Le gluten est une des protéines contenues dans le blé. Son intolérance, prouvée scientifiquement, est appelée « maladie coéliaque » et détruit progressivement la paroi de l’intestin grêle. Cependant, il existe également une forme d’hypersensibilité au gluten, c’est-à-dire que l’on observe une amélioration de l’état de santé des individus qui stoppent ou réduisent la consommation de cette protéine, sans pour autant que ceux-ci ne soient atteints de la maladie coéliaque. Aucune preuve absolue n’a aujourd’hui été apportée à cette thèse, ce qui n’empêche pas 5 à 10% des Français de s’auto-déclarer hypersensibles.
Il y a quelques années encore, les partisans du sans-gluten étaient assez marginaux, et pourtant, à voir la multiplication des enseignes de restauration et les marques qui se targuent de proposer des produits « gluten-free », un constat s’impose : le sans gluten est devenu un argument de vente solide et aguicheur, au même titre que le bio ou le local. Bien qu’aucune étude n’ait pu démontrer de façon indubitable que réduire ou stopper notre consommation de gluten ait une incidence positive sur notre santé, il faut bien l’avouer : le sans gluten, niveau marketing, a fait ses preuves. Le nombre d’intolérants au gluten est estimé à 1% de la population Européenne et Nord-Américaine et le marché génère plus de 2 milliards de dollars par an aux Etats-Unis. Autrement dit, c’est un marché bien foisonnant pour si peu de véritables intolérants au gluten …

 
Le gluten: partout sauf dans nos assiettes
Pourtant, malgré le flou scientifique qui plane sur la question du gluten, on retrouve le label « sans gluten » dans de plus en plus d’endroits, toujours plus insolites. Qu’il s’agisse de marques célèbres comme Cheerios, qui a lancé une gamme de céréales gluten-free, ou de toutes jeunes marques spécialisées dans le sans-gluten. C’est évidemment le secteur alimentaire et les cosmétiques qui sont les plus touchés par cette tendance. Plus surprenant, on la retrouve également sur des sites de rencontre comme Glut’aime, ou encore dans the Gluten Free Campaign, un projet dont le but est de réunir assez d’argent pour pouvoir acheter une île paradisiaque (oui, oui) où le gluten n’aura pas sa place.

 
Less is more…
Pour expliquer ce succès, il faut le lier à une tendance plus générale qui est celle du « sans » : la chimiste Ni’Kita Wilson explique au magazine Pure Trend : « Nous sommes dans une ère du marketing « sans » : sans parabens, sans parfum, sans huile, et maintenant, le petit dernier de la famille, le sans gluten ». Il semble que nos produits du quotidien ne peuvent devenir sains que par un retour aux sources. Il faut donc qu’ils se débarrassent de tous ces additifs qui ont été intégrés dans l’imaginaire collectif comme néfastes. Les marques ont bien compris qu’une grande partie des consommateurs (et généralement celle qui dispose d’un plus grand pouvoir d’achat) choisit ses produits en fonction de cette nouvelle variable. La santé et le bien-être sont les nouveaux critères de sélection de notre société d’abondance occidentale.
Comment le gluten-free vous envahit
Comment toute cette histoire a-t-elle commencé ? C’est en 2011 que le docteur Peter Gibson publie une étude, affirmant l’existence d’une forme d’hypersensibilité au gluten, créant maux de ventre et autres migraines.

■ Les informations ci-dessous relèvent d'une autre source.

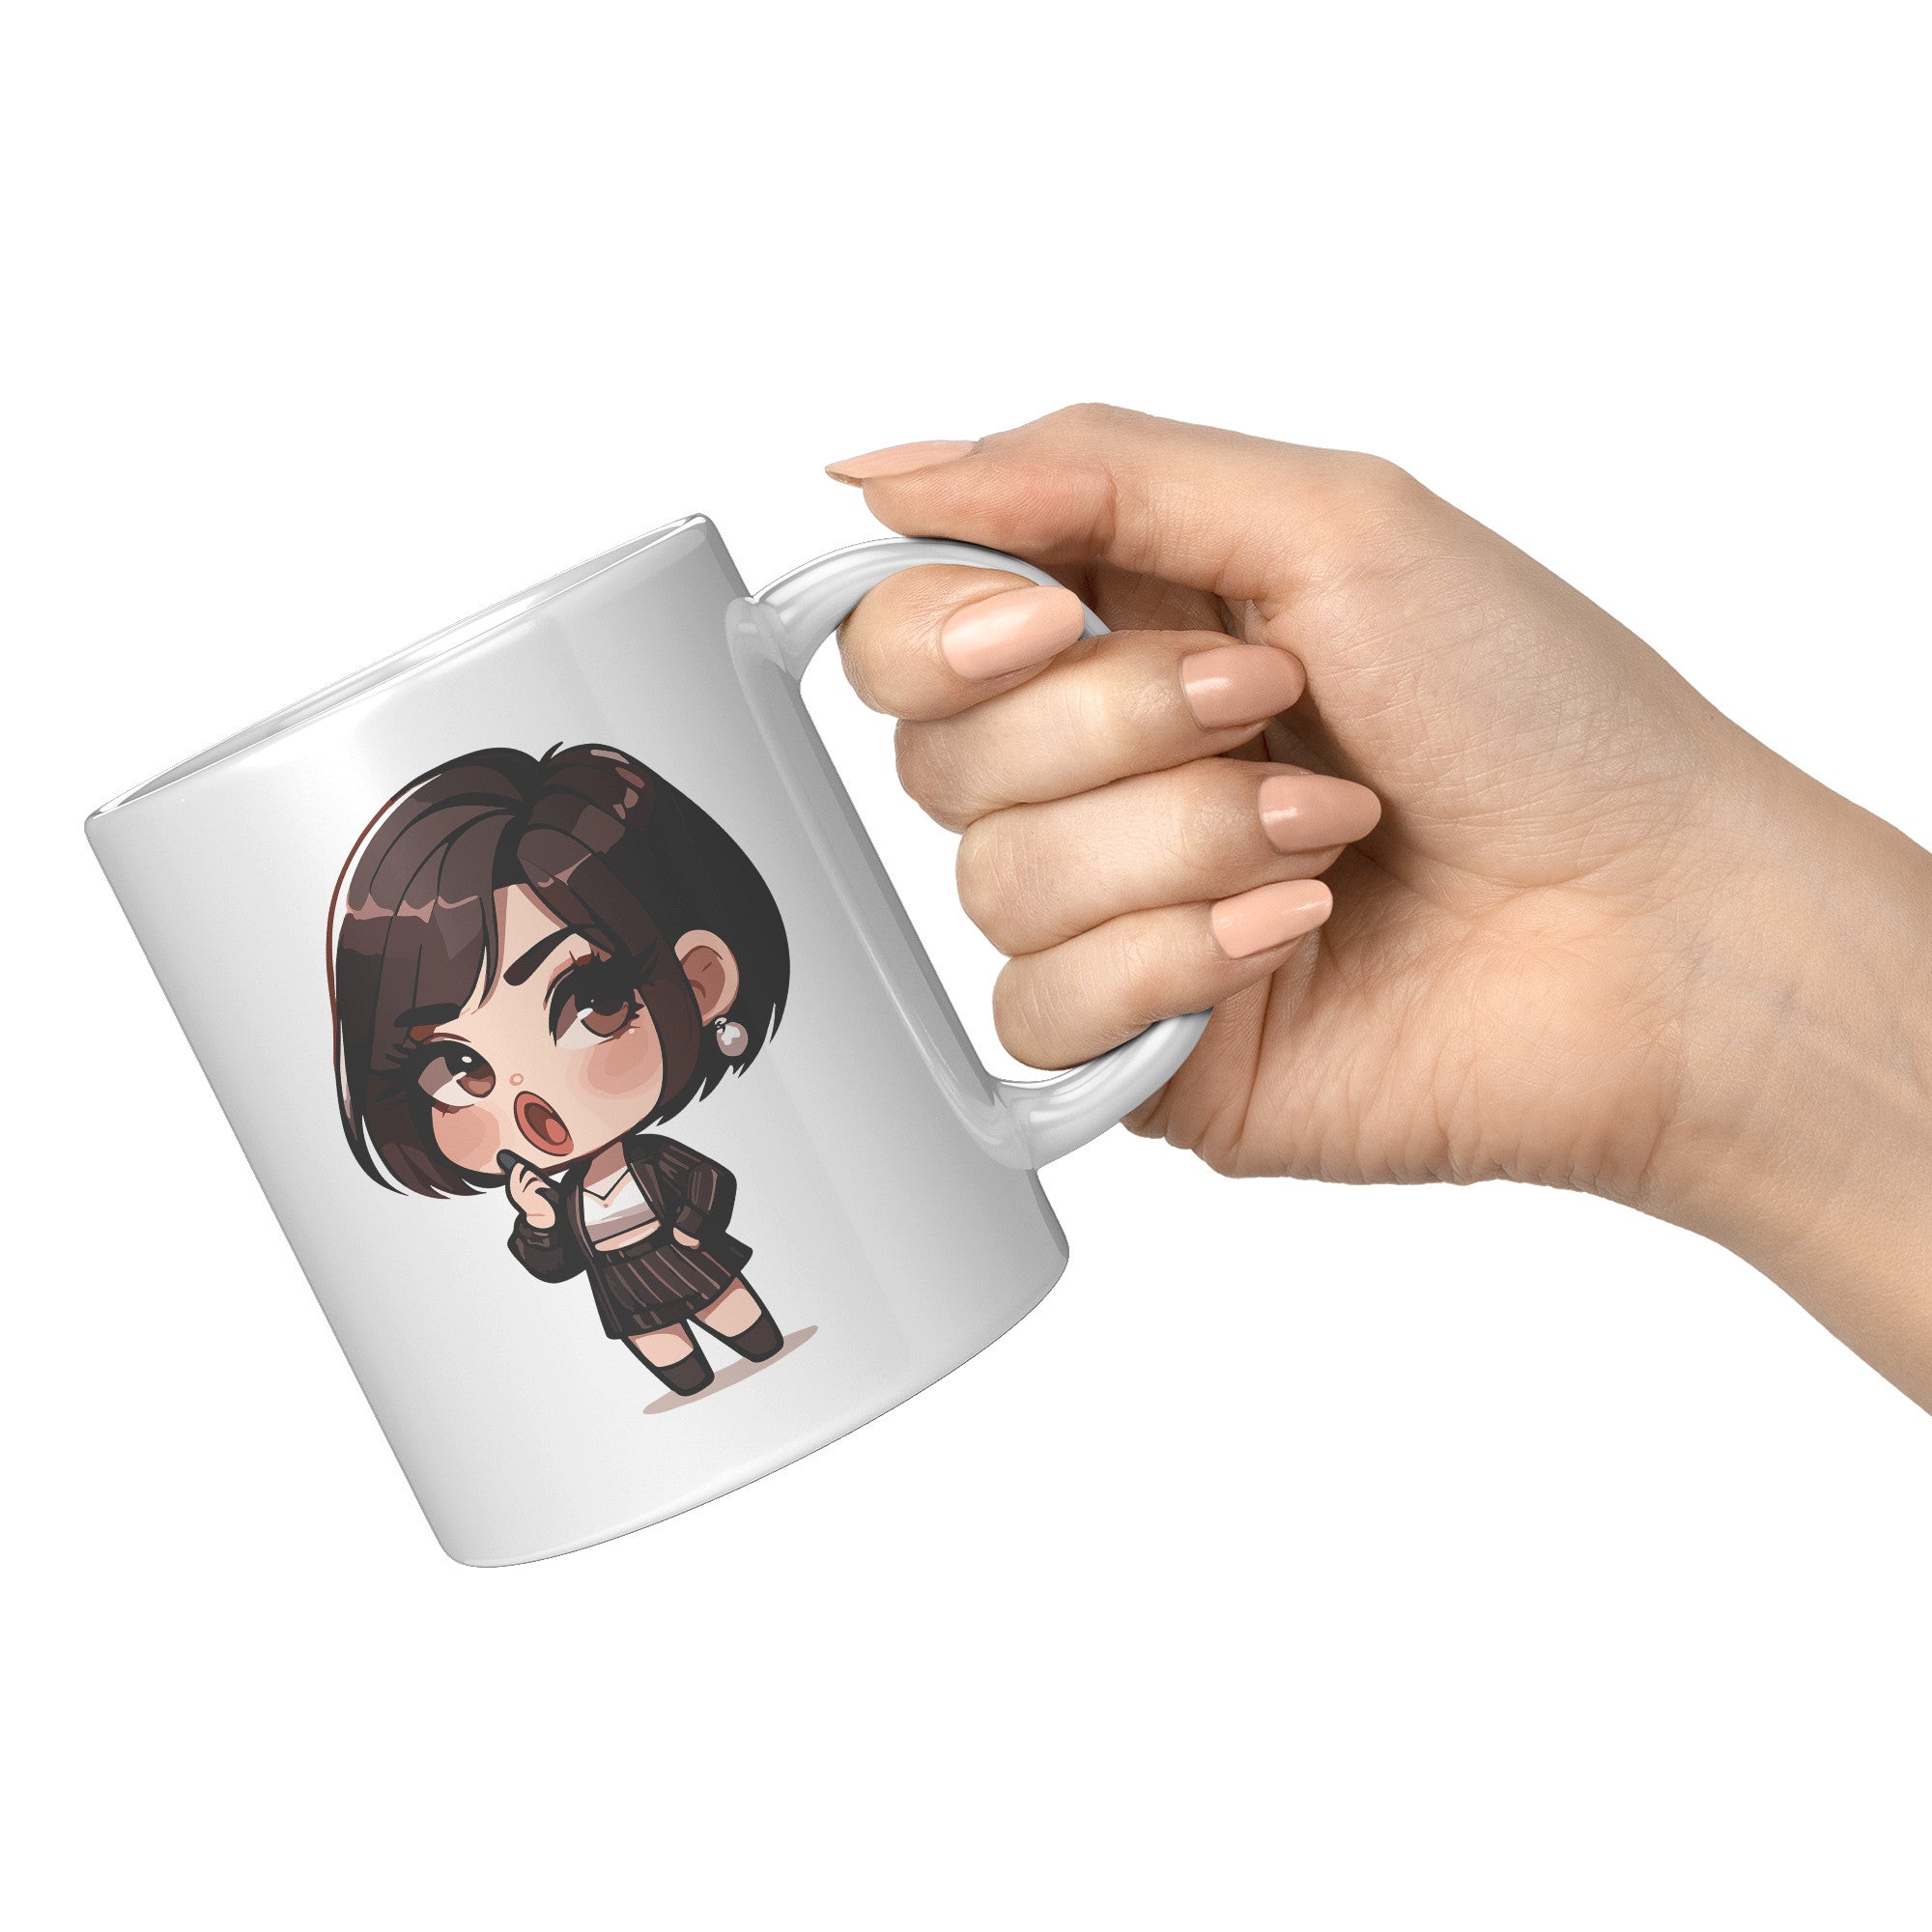 "Marites Gossip Queen Coffee Mug - Cute Cartoon 'Ano Ang Latest?' Cup - Perfect Chismosa Gift - Filipino Slang Tea Mug" - VVV

A partir de ce moment, c’est l’engouement et on voit se multiplier les formes de régime qui excluent la méchante protéine, notamment chez les people … Gwyneth Paltrow, guru du « healthy lifestyle » n’hésite pas à partager sur les réseaux sociaux ses nouveaux choix de vie (elle crée d’ailleurs la polémique en affirmant avoir supprimé les pâtes et le pain de l’alimentation de ses enfants). Elle finit même par publier un livre de recettes sans gluten, permettant aux intolérants et hypersensibles de se régaler en prenant soin de leur santé. Et c’est surtout ce type de personnalités, avec une forte présence médiatique, qui a pu donner de l’importance à ce mouvement. Novak Djokovic (qui a d’ailleurs sorti un livre sur son régime sans gluten), Oprah Winfrey, Lady Gaga ou encore Victoria Beckham sont tous adeptes de cette tendance et n’hésitent pas à le partager … A chacun la figure people qui le convaincra peut-être de franchir le cap de l’alimentation gluten-free.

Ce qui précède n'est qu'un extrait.